In the WHO 2008 classification of PV, a minor criterion refers to the BM findings: "hypercellularity with trilineage growth, prominent erythroid, granulocytic and megakaryocytic proliferation". Neither iron-laden macrophages nor reticulin fibers are conspicuous (increased 1+ or 2+ in less than 20% of the cases). Megakaryocytic alterations are important to distinguish PV from secondary polycythemia. In the myelofibrotic stage, which occurs in around 30% of the cases 10-12 years after diagnosis, it may be very difficult, if not impossible, to distinguish this from primary myelofibrosis.(6) [Table 2; Figure 1A & 1B]

 



 

Essential thrombocythemia

One of the four major criteria that define ET in the WHO 2008 classification is: "bone marrow biopsy showing proliferation mainly of the megakaryocytic lineage with increased numbers of enlarged, mature megakaryocytes. No significant increase or left-shift of neutrophil granulopoiesis or erythropoiesis". The nuclei of megakaryocytes are hyperlobulated or intensely folded, dispersed or loosely clustered. There is no or only a slight increase in reticulin fibers. In follow-up biopsies, it was shown that increases of reticulin fibers is indicative of progression to myelofibrosis.(7,8) [Table 2; Figure 1C & 1D]

 

Primary myelofibrosis

PMF is characterized in the WHO 2008 classification (major criterion) as: "presence of megakaryocyte proliferation and atypia, usually accompanied by reticulin and/or collagen fibrosis, or in the absence of significant reticulin fibrosis, the megakaryocytic changes must be accompanied by an increased bone marrow cellularity characterized by granulocytic proliferation and often decreased erythropoiesis (i.e., prefibrotic cellular-phase disease). There may be a moderate increase in reticulin fibers, but no collagen is seen. Megakaryocyte alterations are rather discriminating: anomalous topography, with prominent morphological abnormalities: pleomorphism, aberration of the nuclear cytoplasmic ratio due to large, bulbous and hyperchromatic cloud-shaped nuclei, disorganization of nuclear lobulation, naked megakaryocytes and maturation arrest. Early fibrosis leads to sinus dilatation as a result of stromal retraction.(9) [Table 2; Figure 1E & 1F]

Cytogenetics

The identification of molecular genetic changes in chronic MPN is important to confirm the diagnosis, direct treatment, and improve our understanding of the biology of a disease.

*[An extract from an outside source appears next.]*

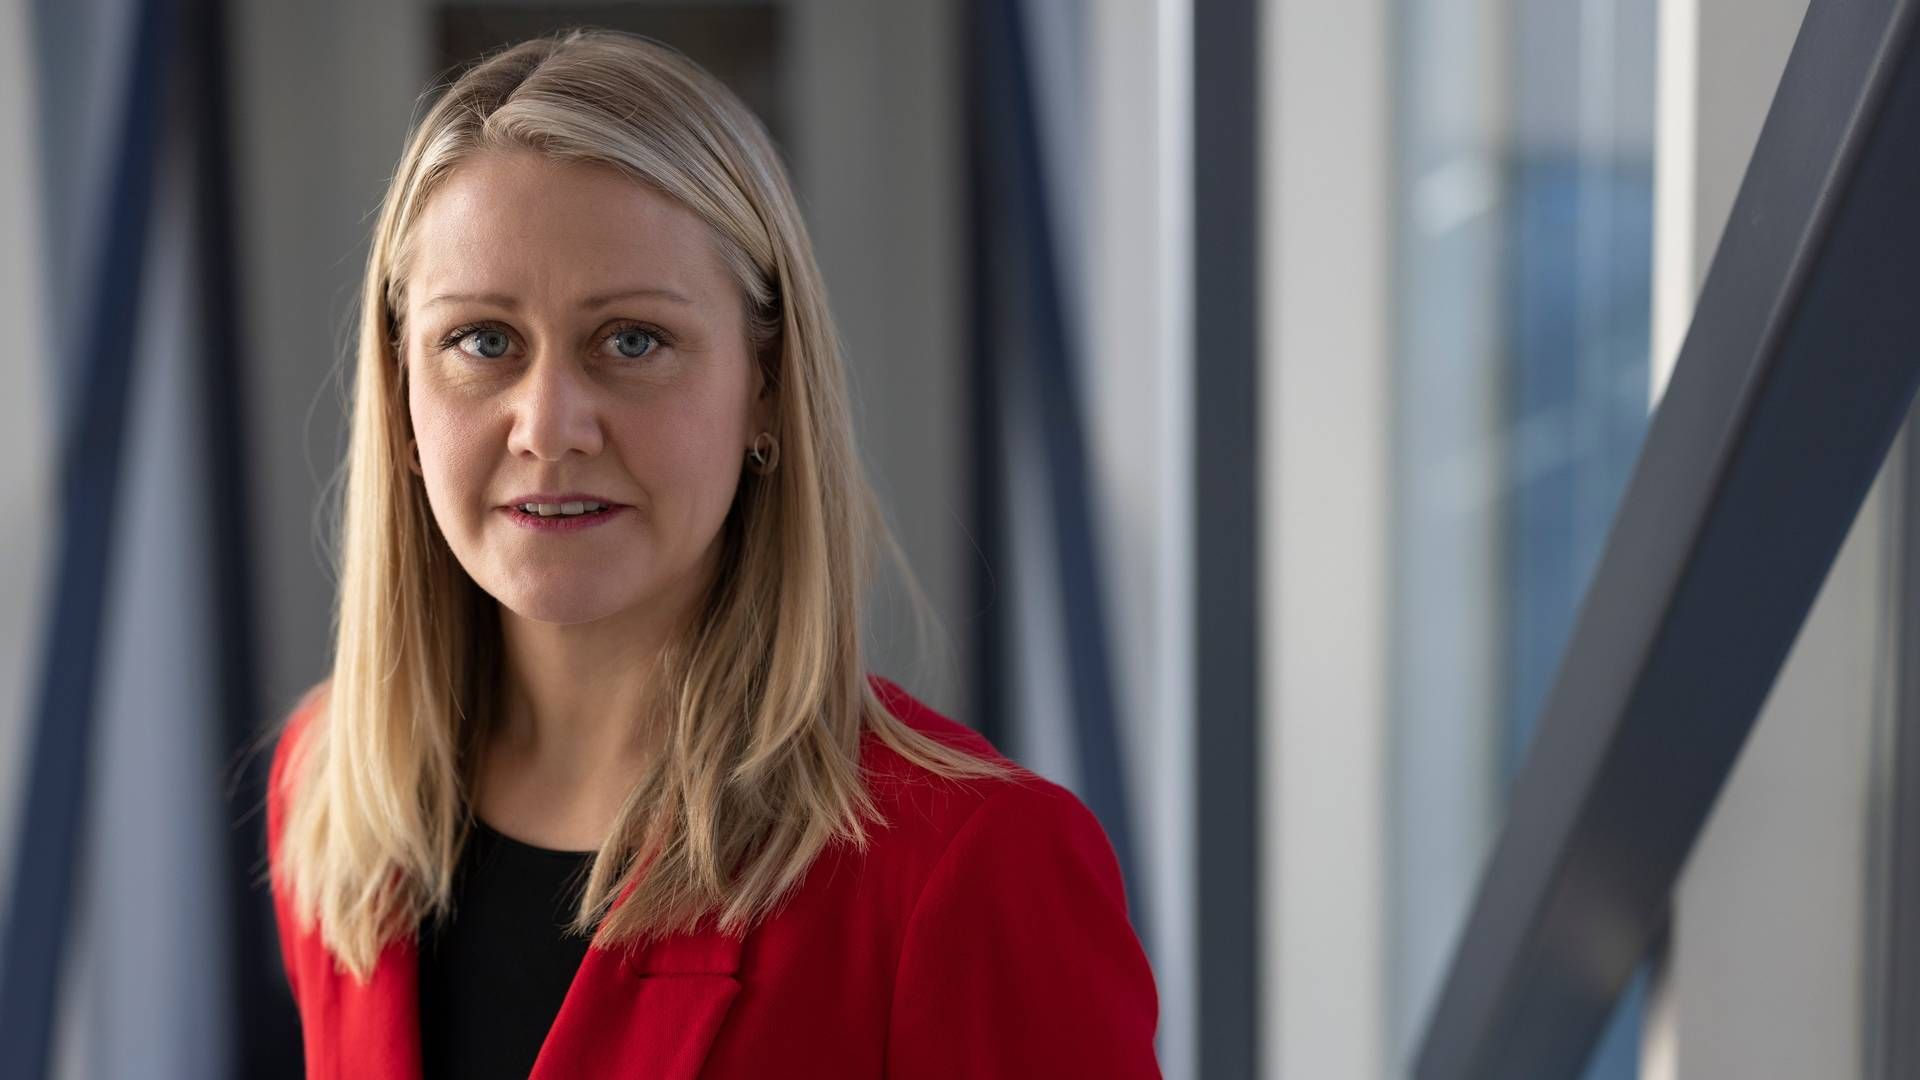 NY STATSSEKRETÆR: Astrid Bergmål er ny statssekretær i olje- og energidepartementet. | Foto: Rune Kongsro, Justis- og beredskapsdepartementet

The karyotype provides a comprehensive assessment of chromosomal abnormalities. It should be indicated whenever there is suspicion of MPN with leukocytosis, eosinophilia, monocytosis and/or thrombocytosis.(10) The identification of the Ph chromosome [t(9;22)(q34,q11)] or its variants confirm diagnosis of CML.(10) However, the investigation should be extended in the presence of other chromosomal abnormalities (Table 3).(1) The fluorescence in situ hybridization (FISH) and molecular cytogenetic methods are specific, sensitive and fast. These techniques have been recommended for situations in which there is no metaphases for analysis or in the absence of Ph karyotype.(11) In some cases, the study of molecular mutations can be made by polymerase chain reaction (PCR) or reverse transcriptase PCR (RT-PCR). At the diagnosis of PV, 10 to 30% of karyotypes are changed, but with the progression of the disease, the rate of cytogenetic abnormalities affects over 80% of cases, particularly in the fibrotic phase or at transformation to acute leukemia after polycythemia.(12) Approximately 50 to 60% of patients with PMF present altered karyotypes. Cases of ET show a smaller percentage of abnormalities at diagnosis (Table 3).(11,12) But differentiation with myelodysplastic syndrome (MDS) should be made with the identification of del(5q) and t(3, 3)/inv(3).

 

 

Molecular aspects

The first clues to the understanding of molecular basis of MPN were only revealed 50 years after Dameshek's insights. In 2005, four groups, using different methodologies, identified the first recurrent molecular abnormality in patients with MPN - a gain-of-function mutation of the gene encoding Janus kinase 2 (JAK2). The presence of the JAK2V617F mutation distinguishes PV from secondary polycythemia.(13) The JAK2V617F mutation has been found in 90-98% of PV patients, in about 50% of those with ET or PMF, in some patients with myelodysplastic/myeloproliferative neoplasms and in rare cases of acute myeloid leukemia (AML). The JAK2V617F mutation is a somatic guanine-to-thymine substitution at nucleotide 1849 in exon 14 that results in a valine-to-phenylalanine substitution in codon 617 (V617F).(14,15) JAK2 is a cytoplasmic tyrosine kinase that plays a central role in signal transduction from multiple hematopoietic growth factor receptors. It is associated with a growth factor-independent phenotype, leading to abnormal hematopoiesis.(15) Additionally, rare cases of MF and ET may have a mutation in MPLW515K/L.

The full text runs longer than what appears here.